*YOUR INSTRUCTIONS*
Lines to return, exactly: from the line with "5 White Kitchens" to the line with "Hem shorts Ajax Amsterdam 2022/23" in the entries below, both included.

*THE DATA*
=-=-=

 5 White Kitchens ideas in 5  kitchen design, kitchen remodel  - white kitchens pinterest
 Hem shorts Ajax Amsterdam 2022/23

=-=-=

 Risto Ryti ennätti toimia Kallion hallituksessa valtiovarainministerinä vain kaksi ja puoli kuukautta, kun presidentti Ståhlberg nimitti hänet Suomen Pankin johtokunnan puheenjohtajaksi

=-=-=

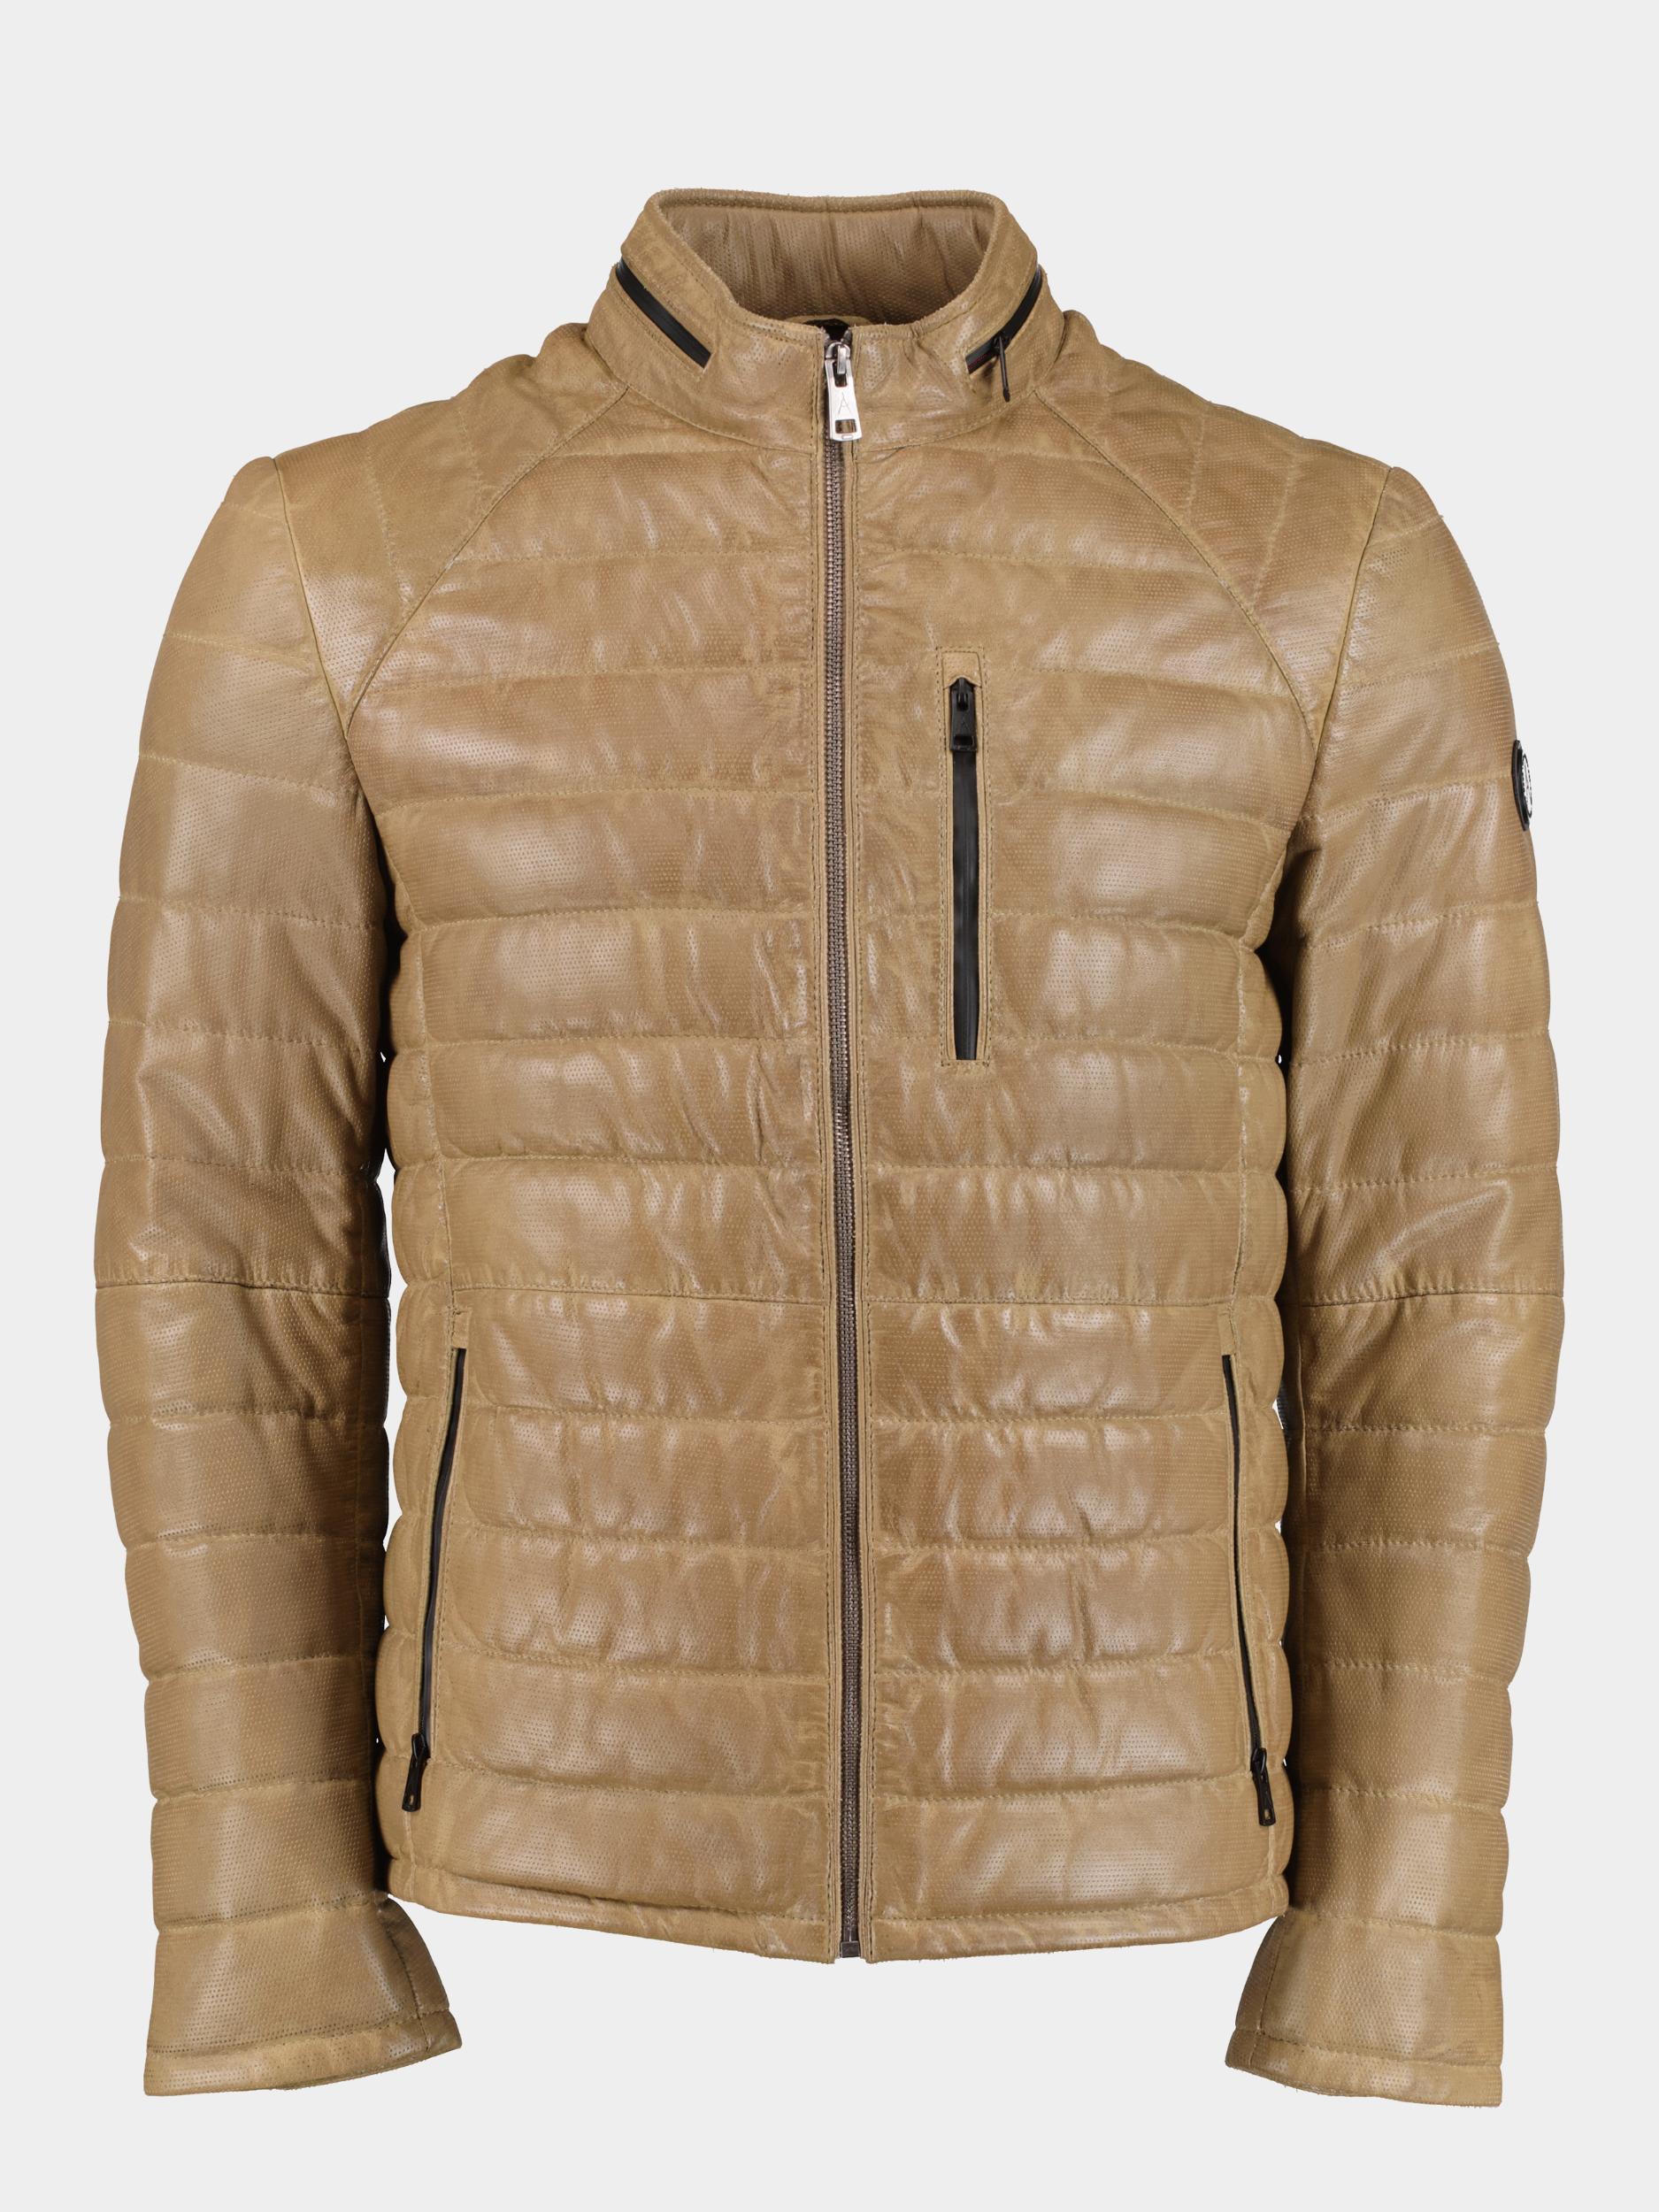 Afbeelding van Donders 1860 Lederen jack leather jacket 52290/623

=-=-=

*COMPLETED TASK*
 5 White Kitchens ideas in 5  kitchen design, kitchen remodel  - white kitchens pinterest
 Hem shorts Ajax Amsterdam 2022/23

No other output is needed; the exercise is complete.